## Exercise instructions
Lines from the one with "Монтаж электросчётчиков в Житомире" up to and including the one with "Vliestapete muster schwarz" are to be copied exactly from the records below, without their pictures.

## Data provided
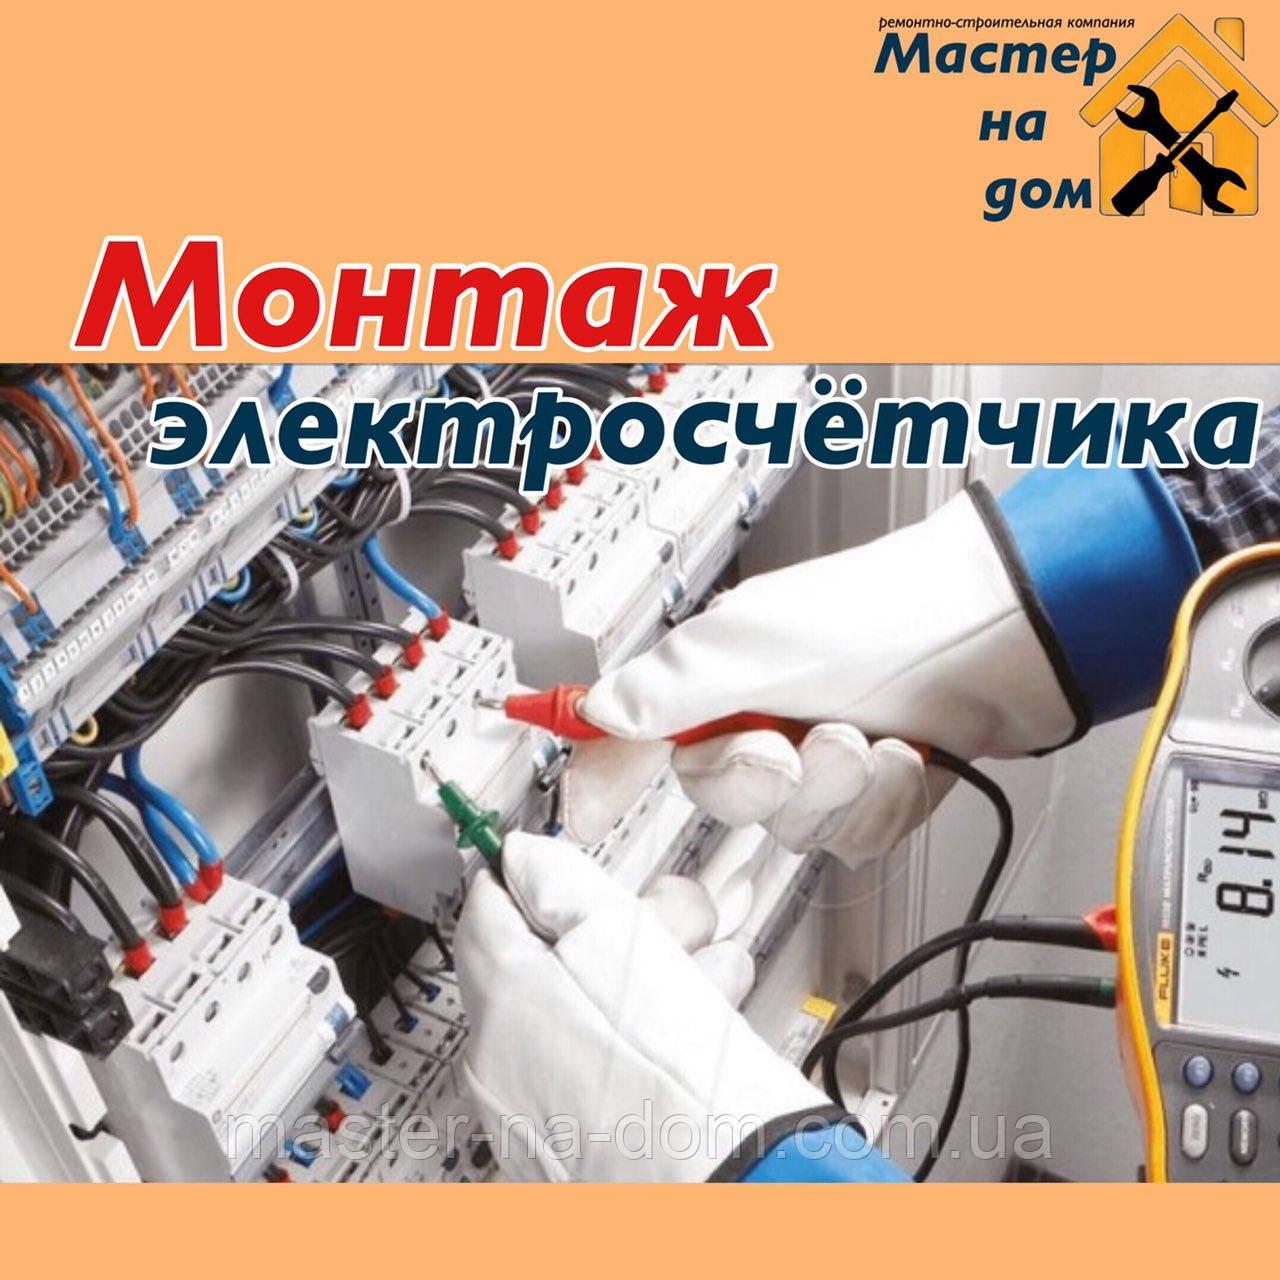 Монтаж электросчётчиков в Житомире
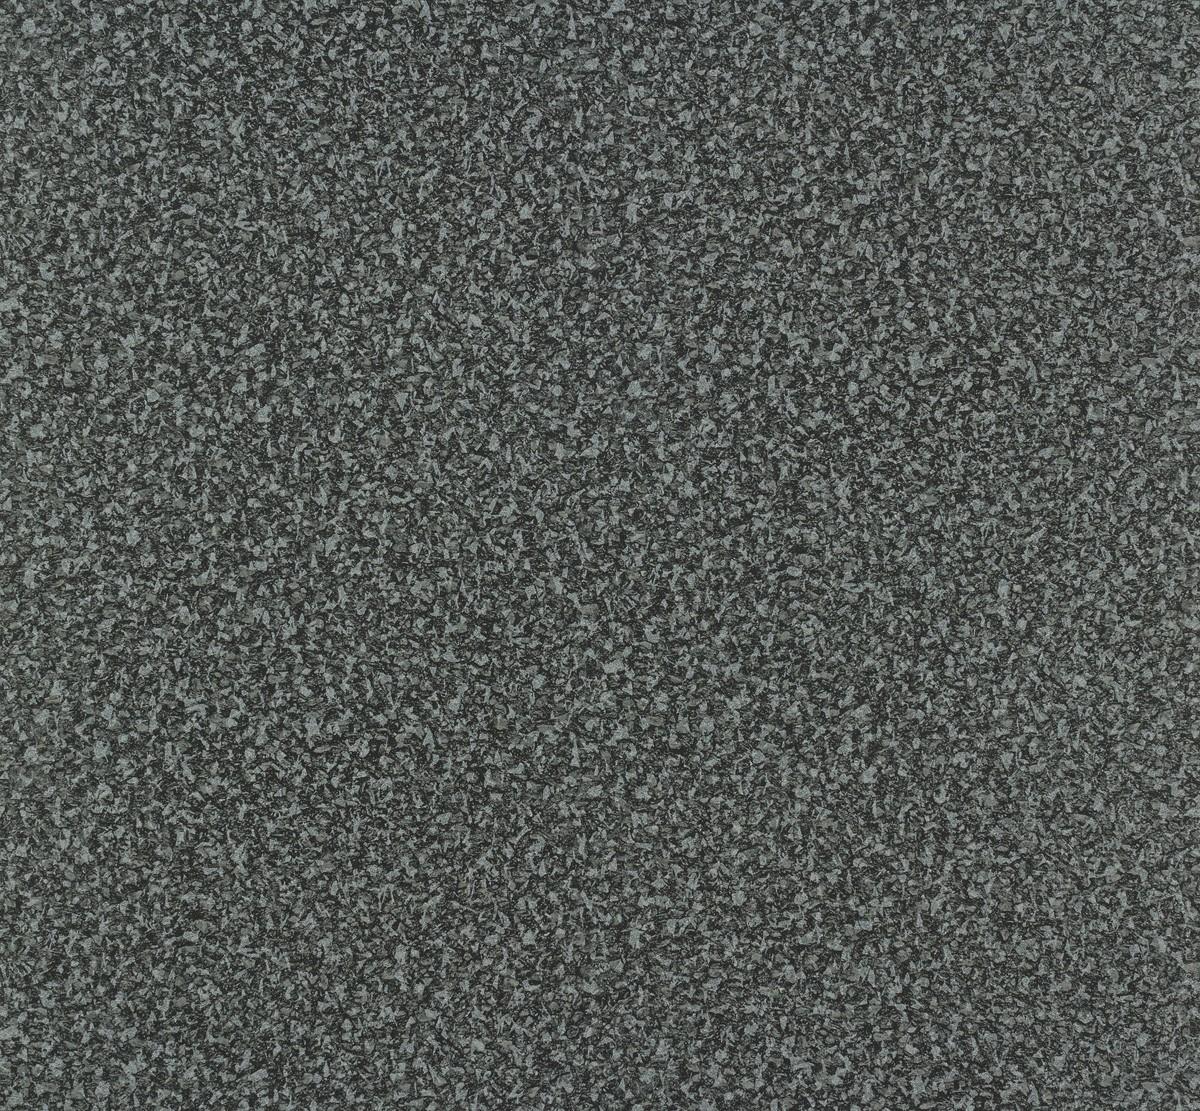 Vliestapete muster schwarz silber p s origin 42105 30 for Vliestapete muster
---
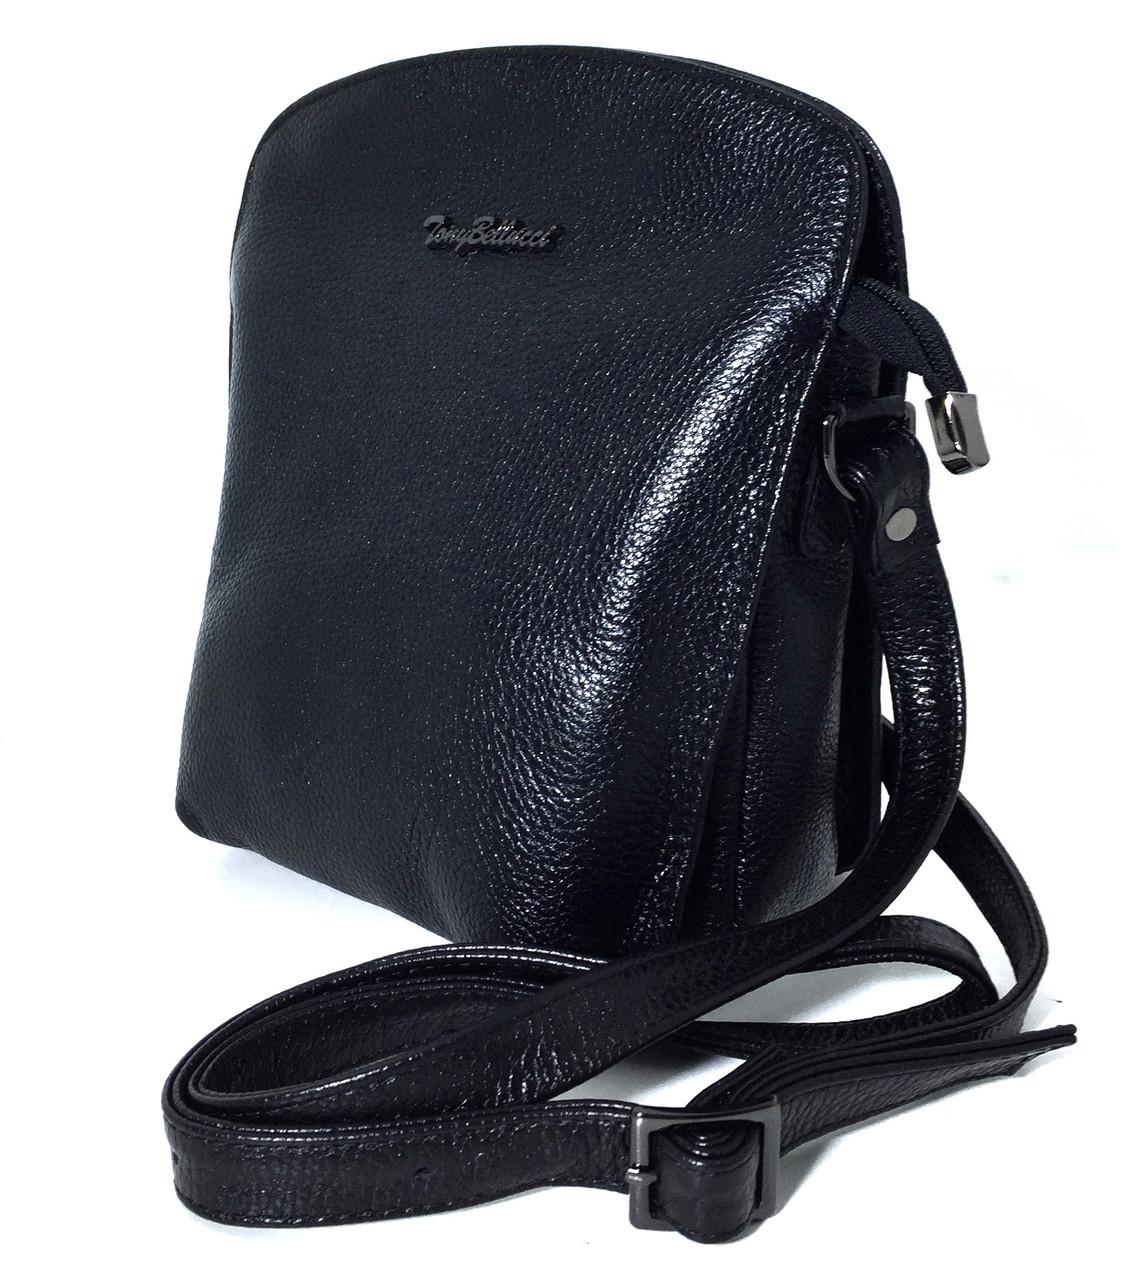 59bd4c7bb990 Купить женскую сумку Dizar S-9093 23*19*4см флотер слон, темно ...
* * *
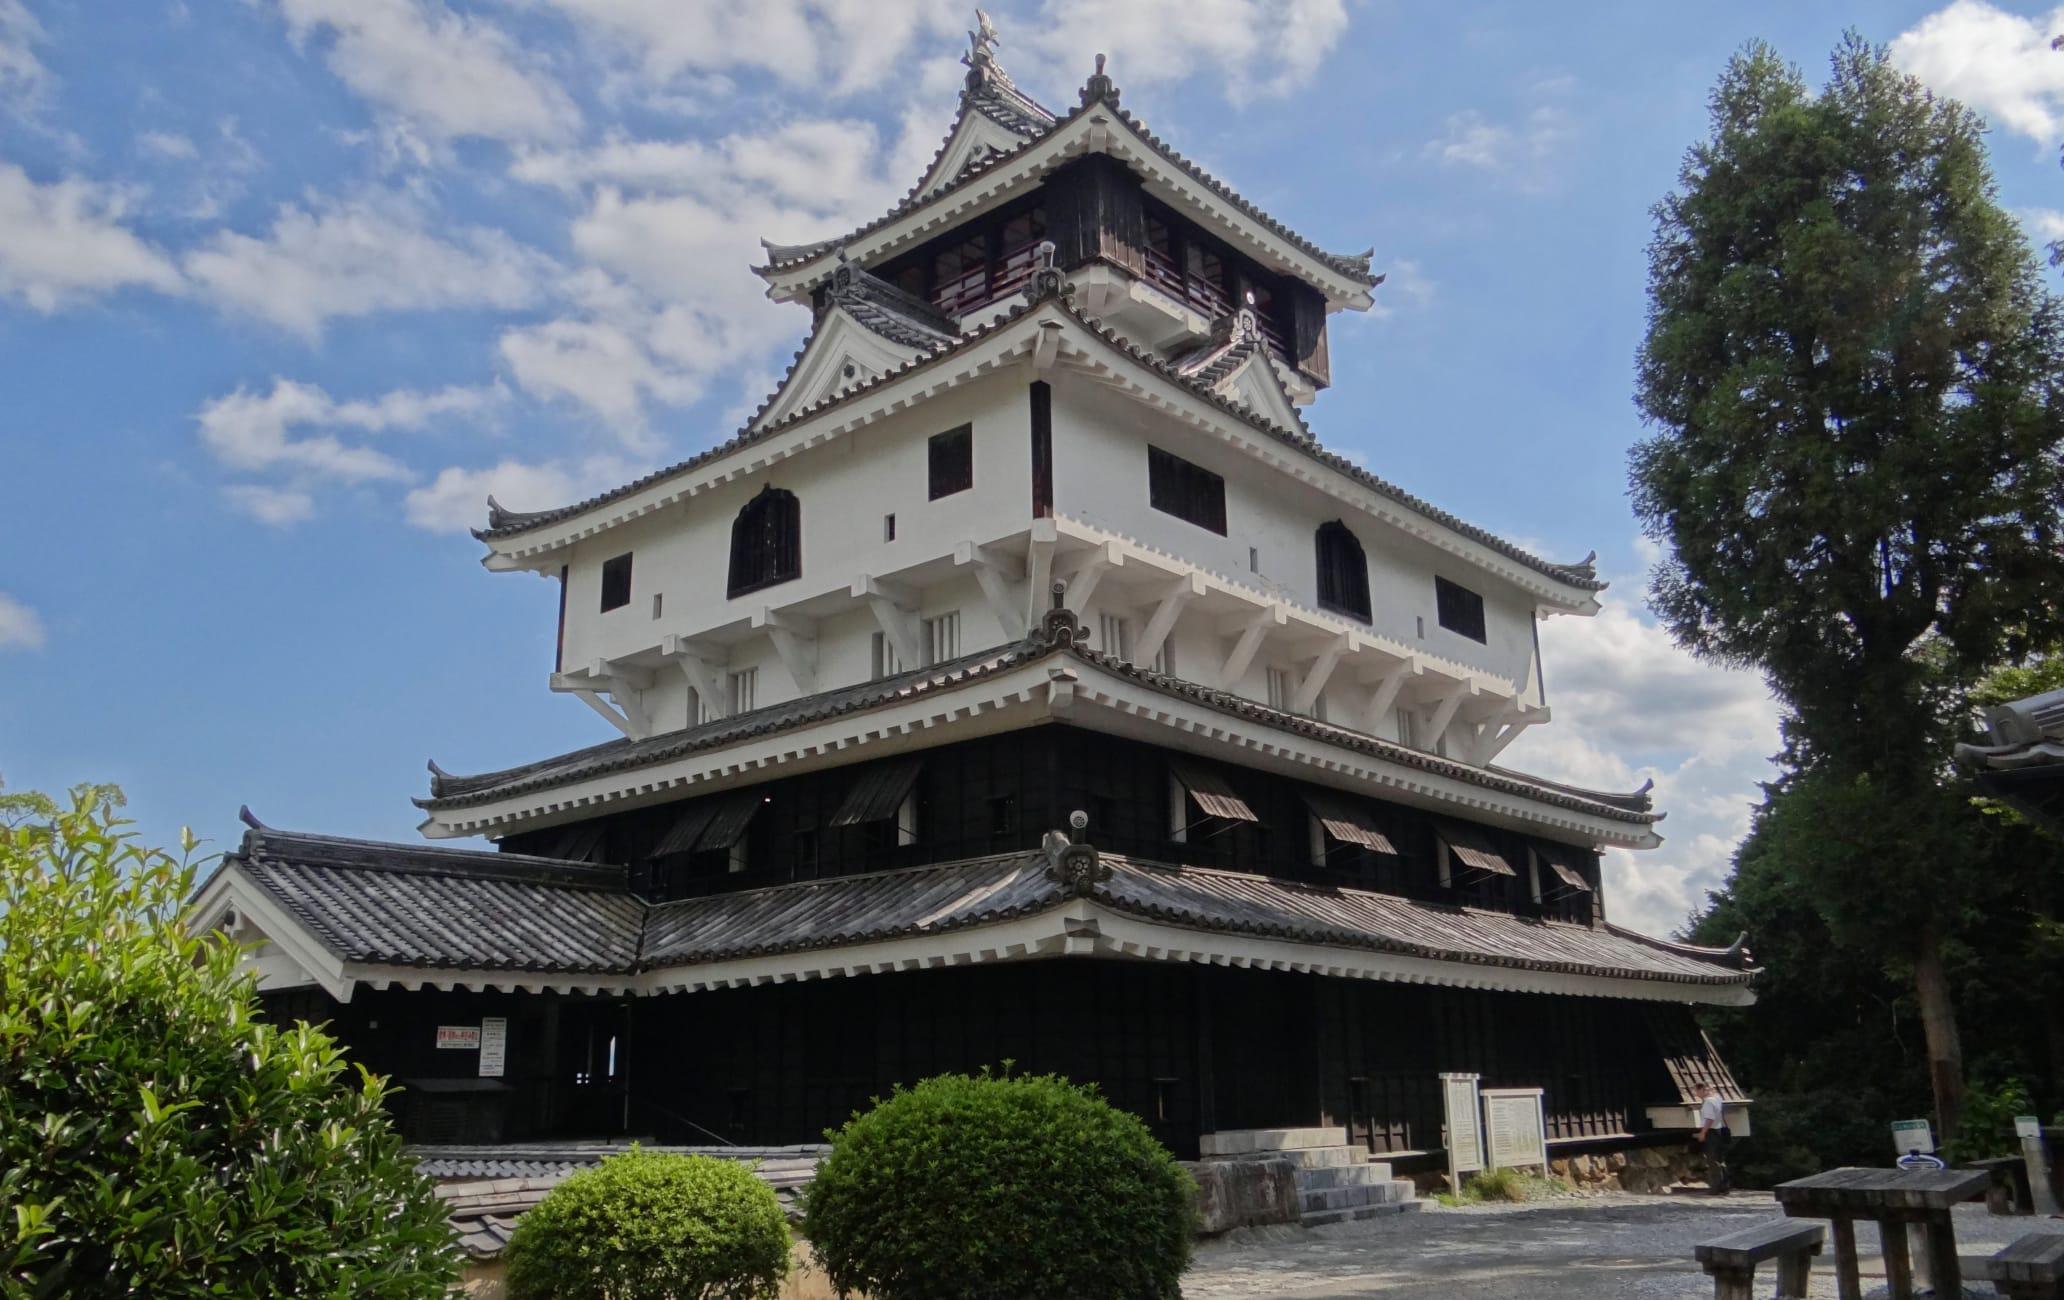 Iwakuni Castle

## Task answer
 Монтаж электросчётчиков в Житомире
 Vliestapete muster schwarz silber p s origin 42105 30 for Vliestapete muster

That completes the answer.